Two doctor visits with the same doctor at our son’s pediatricians office earlier on in the week had resulted in a diagnosis of allergies.  Twice.  But the third time we took him in, right before being sent to the emergency room, a different doctor took one look at him, saw the potential for a lawsuit due to her colleague’s inability to recognize a child near death when she saw one, and sent us on our way to the local hospital, where they hypothesized about what exactly could be wrong with my son until a test for his hemoglobin levels returned at a level of 2.2.  Normal for a child his age is around 14.

A blood transfusion and an ambulance to shift us to the larger Children’s Memorial Hospital in Chicago were ordered.  They loaded my son into the ambulance with the blood transfusion and an oxygen machine going side by side.  The nice paramedic tried not to make it obvious that he had to keep adjusting the oxygen levels because my son was having difficulty breathing.  We arrived at the emergency room of Children’s Memorial.  Surgeons, nurses, emergency room doctors, and the nice paramedic all crowded around us.  I’ll never forget the feeling of being cared about that I got from that crowd.  It was in stark contrast to the vibe I got earlier at the other hospital.  One smiling, calm face after another introduced his or her self to us and asked that we tell them exactly what was going on, in detail.  Their demeanor made me think that med school must have taught a course on keeping your shit together in the face of doctor doctor please please please fix my kid.

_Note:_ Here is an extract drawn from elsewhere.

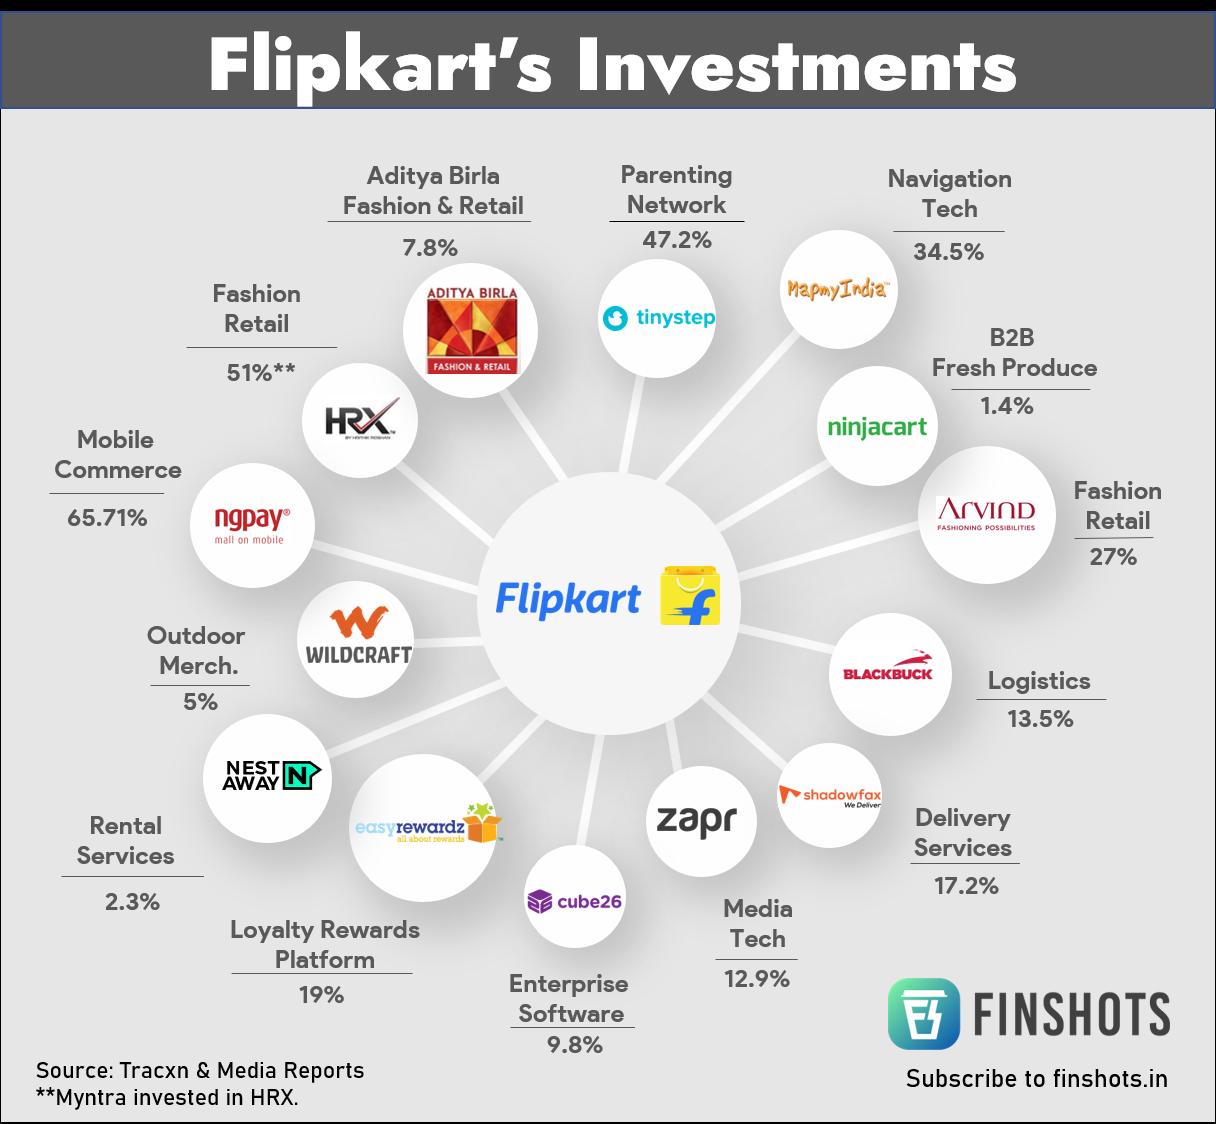 Flipkart's Investments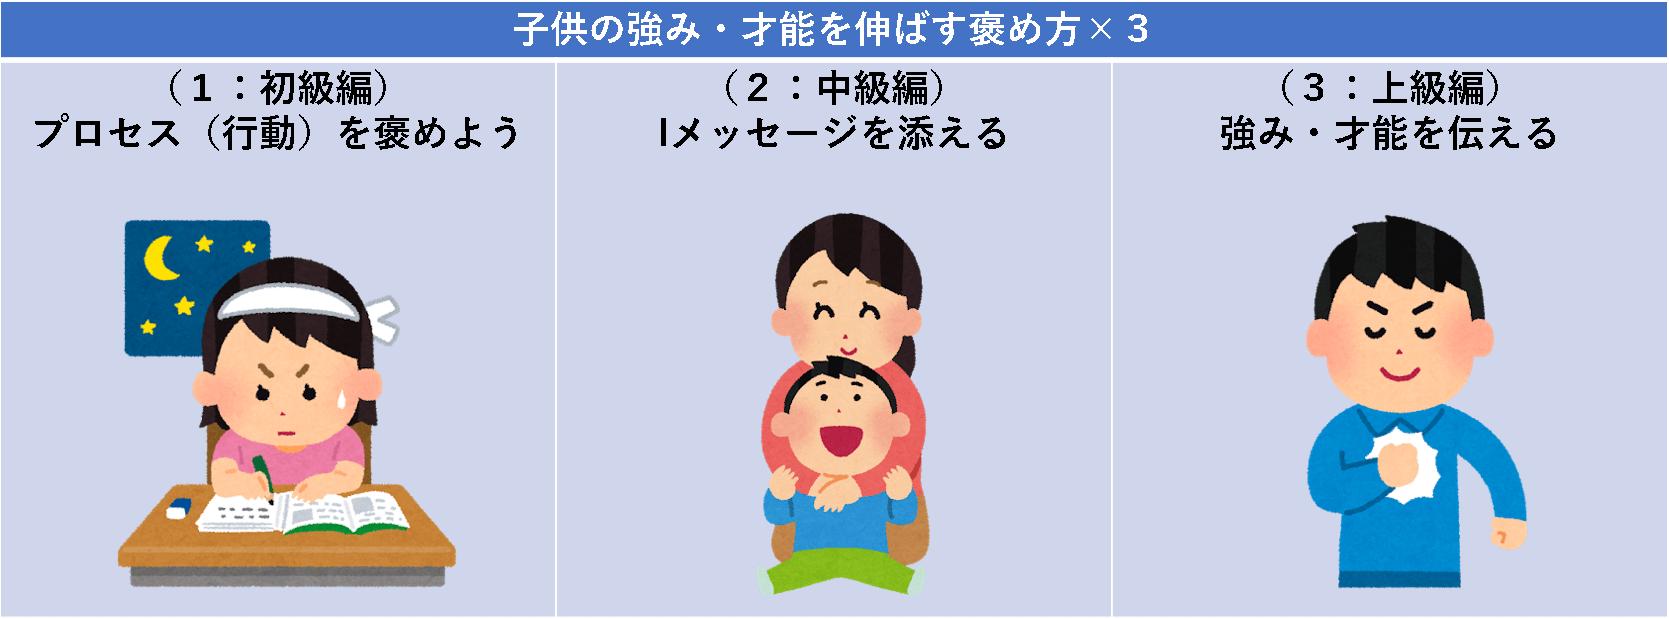 子供の強み・才能を伸ばす褒め方×3

My son was diagnosed with iron deficiency anemia, caused by too much milk in his diet, which we were giving him too much of because he had been refusing his food while sick.  Have you ever heard of death by cow boob juice?  Me neither.  Apparently the dumb fuck of a pediatrician who diagnosed him with allergies couldn’t connect the dots when I had told her he had been on just milk for days and that he had swelling all over his body.  Swelling is a classic symptom of iron deficiency anemia.  I’m guessing she pulled the degree from Rush out of her ass.

After spending three days and two nights in the hospital, one of which was in the ICU, we got to take our son home, which isn’t something every parent gets to experience when leaving a children’s hospital.  I realize we were the lucky ones.  I will forever be grateful to the doctors and nurses at Children’s Memorial.  How they manage to keep their smiles and their sanity intact with the kind of work they do is a mystery to me.  I know I would’ve gone bat shit manic depressive a long time ago.

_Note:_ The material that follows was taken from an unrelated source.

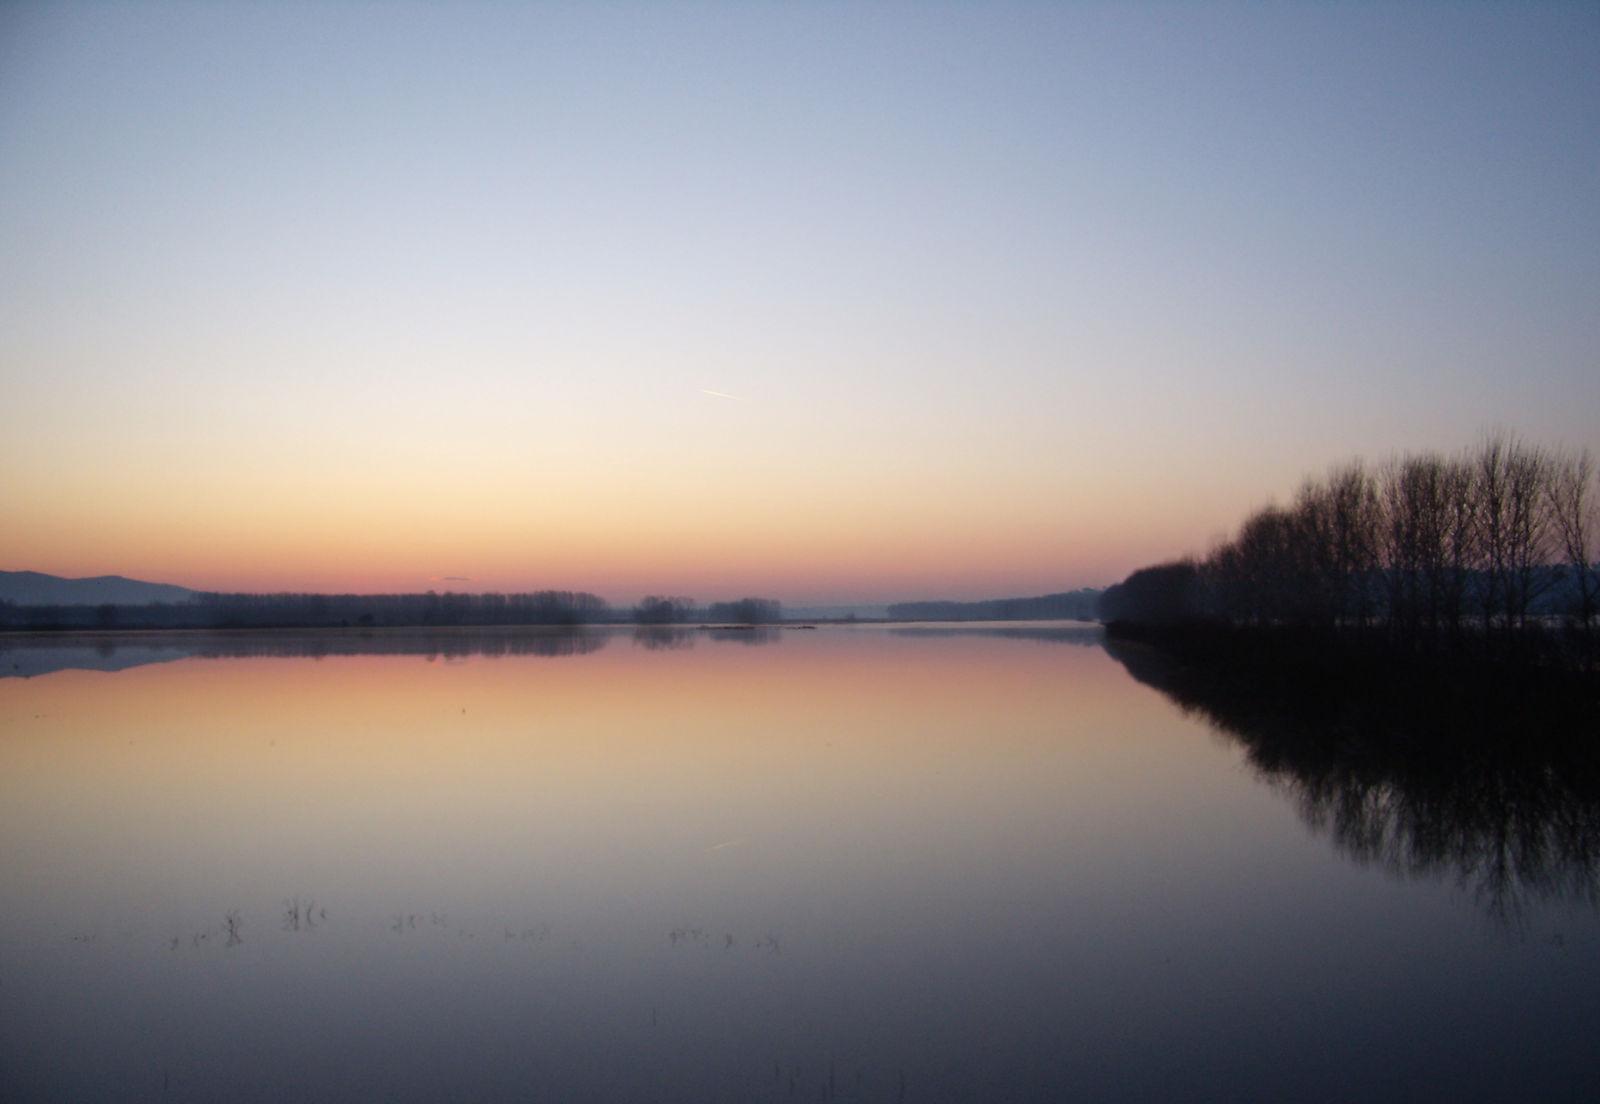 Fucecchio - Dove la Francigena si specchia nell'acqua - Toscana Ovunque Bella

It’s been over three years since then and the road to raising two young boys has been only slightly bumpy.  Until this one big bump of my son sometimes wanting to be a girl.  Eighty percent of the time he’s fine with being a boy, watching Thomas and attempting to beat up his big brother.  Then there are those moments when he wants me to buy him a purse with his favorite princess character on it.  Confused much?

I’ve thought about it, and really, the only thing I’ve wanted from my sons ever since they were born is for them to stick my husband and I in the same old folks’ home when we get to the diapering and spoon feeding part of old age, so that we can crap our pants at the same time, eventually croak together, and I can graduate from the school of life with full nagging honors.  Oh, yeah, and for them to be happy.  Super happy.  When you’re a parent, all that matters to you is that your child exists.  Parenting is a one way street.  You give and don’t expect anything in return, although there’s a very good chance you’ll get a lot back. I don’t see how it’s possible to add fine print to the contract that was to love my kids forever.

So no, I don’t care if my son wants to be a queen, either now or twenty years from now.  I don’t care who my boys marry or don’t marry or if they go live with cows on some ranch in Montana.  I just hope that once in a while they’ll leave their bovine pasture and come see us, especially when my husband’s telling the nurses he’s fine with being donated to science as long as it gets him away from me.